I haven’t talked with a single shop that loves having job travelers, but so many of them can’t imagine running their shop without them. It’s hard for them to imagine a different way because they’ve done it for so many years, or they believe that trying to eliminate travelers will not be well received by their employees. In the meantime, enormous costs are being incurred every day because of their paper travelers. These costs are not obvious and aren’t on top of people’s minds.

What functions do job travelers serve? Let’s clarify what I mean by a “job traveler”.

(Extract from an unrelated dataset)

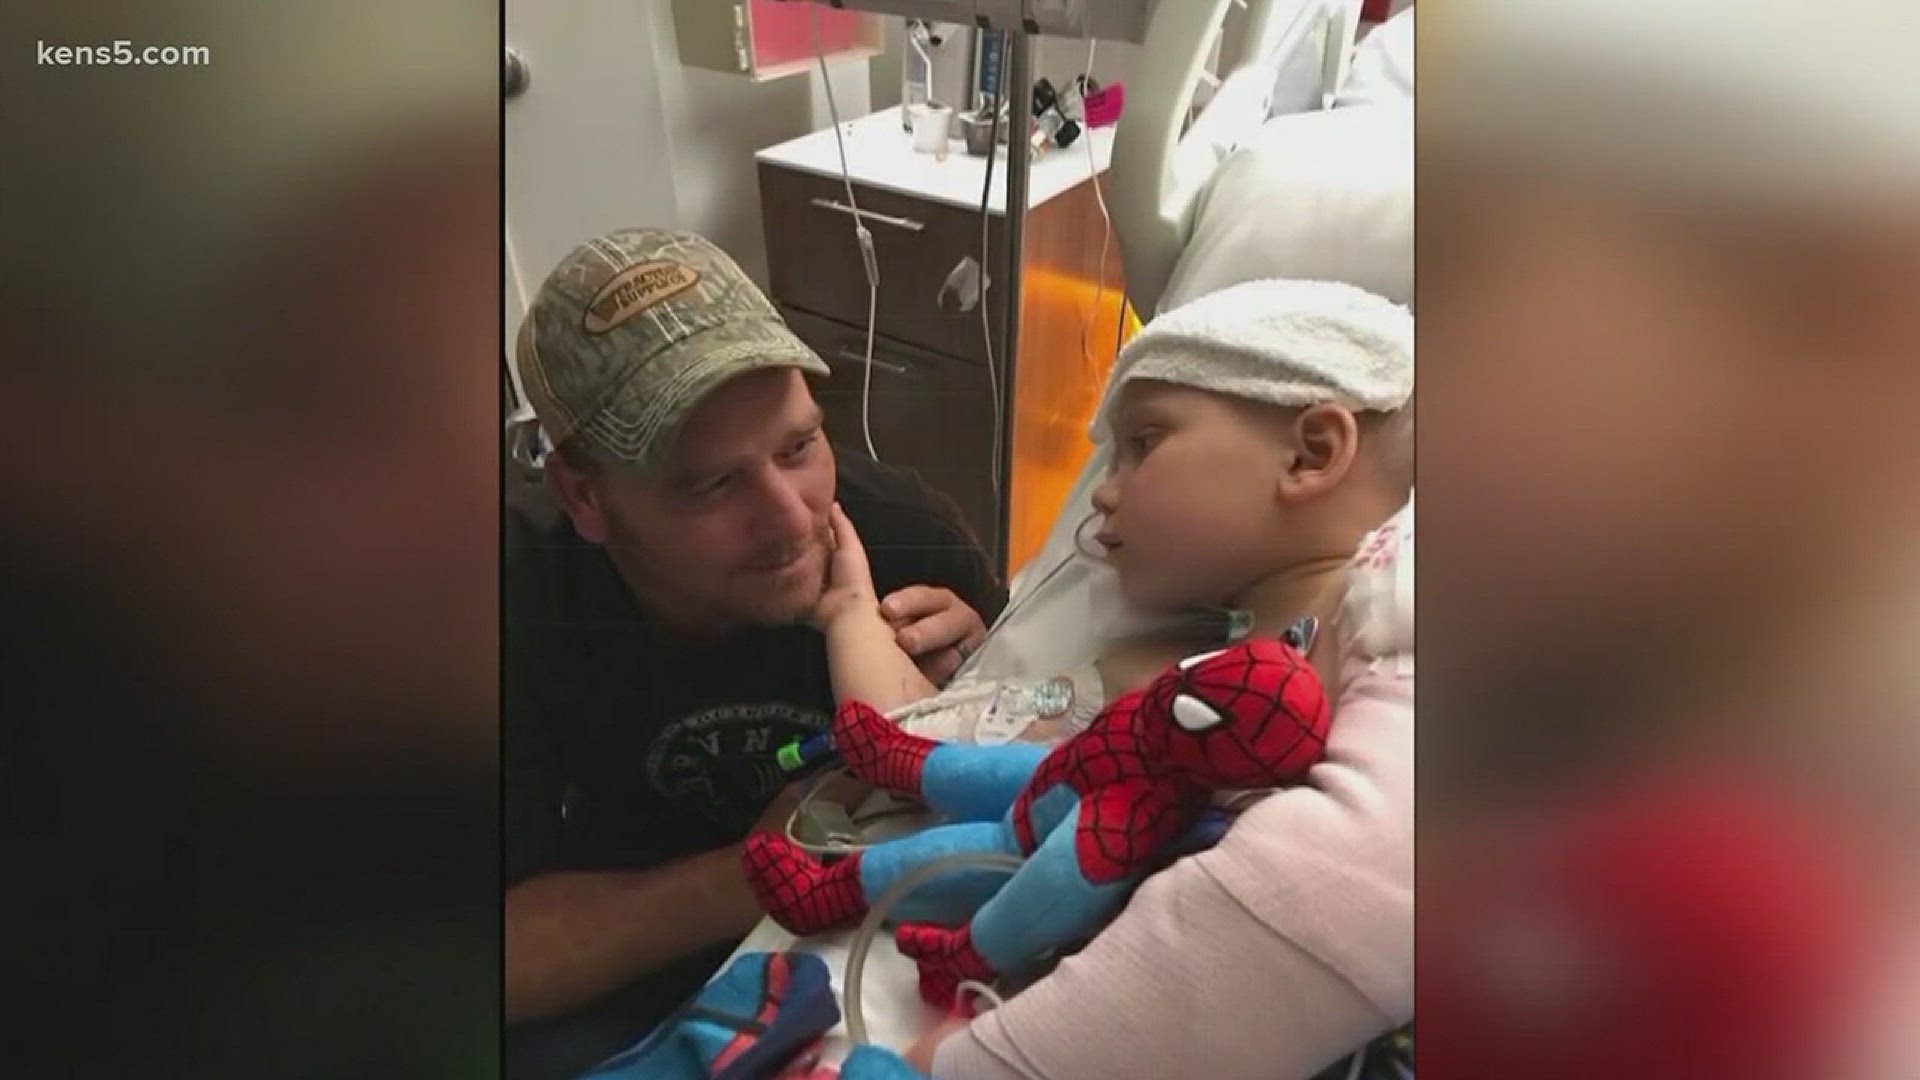 As 5-year-old Sutherland Springs shooting victim Ryland Ward continues to recover in the hospital, the support from around the world has helped him stay positive.

4 Functions of Job Travelers

  1. It contains crucial information about the job. Important information including customer, PN, due date, the material needed, routing steps, and work centers the job will travel through. Often called the job router, it is THE identifying document showing what the parts are out in the shop. The parts have to be traceable at all times so the traveler must be with the parts at all times.
  2. It has fields and barcodes. The fields for people to sign off the work they’ve done, the number of parts they’ve made or processed, or track time. Sometimes the barcodes need to be scanned, so people can look at the last scanned status of the job from within the ERP system.
  3. The job router is often accompanied by several sheets of paper used for other purposes such as work instructions and inspection forms (see Fig 1). These are to help explain to workers what they are supposed to do to make the part, and what features to inspect to ensure the quality of the parts is good.
  4. It usually has a drawing accompanying it as well. This is typically the drawing that the customer sent with their order. This identifies the part to be made, and the criteria for gaging acceptance, along with perhaps some referenced related documents.

Most ERP systems create a job router based on the information that is in effect at the time the order is processed. That information is a snapshot in time and the printed router becomes the controlling item that moves around the facility and triggers people to do things and tells them what to do. The router identifies what material to buy, what rev of the drawing to build the part too. It will also be the document where signatures or quality stamps will be recorded, creating an audit trail of who did what to ensure the part was made properly. There is no doubt that the information contained on the router is vitally important and every shop (at least QMS certified shops) needs to capture and retain that information.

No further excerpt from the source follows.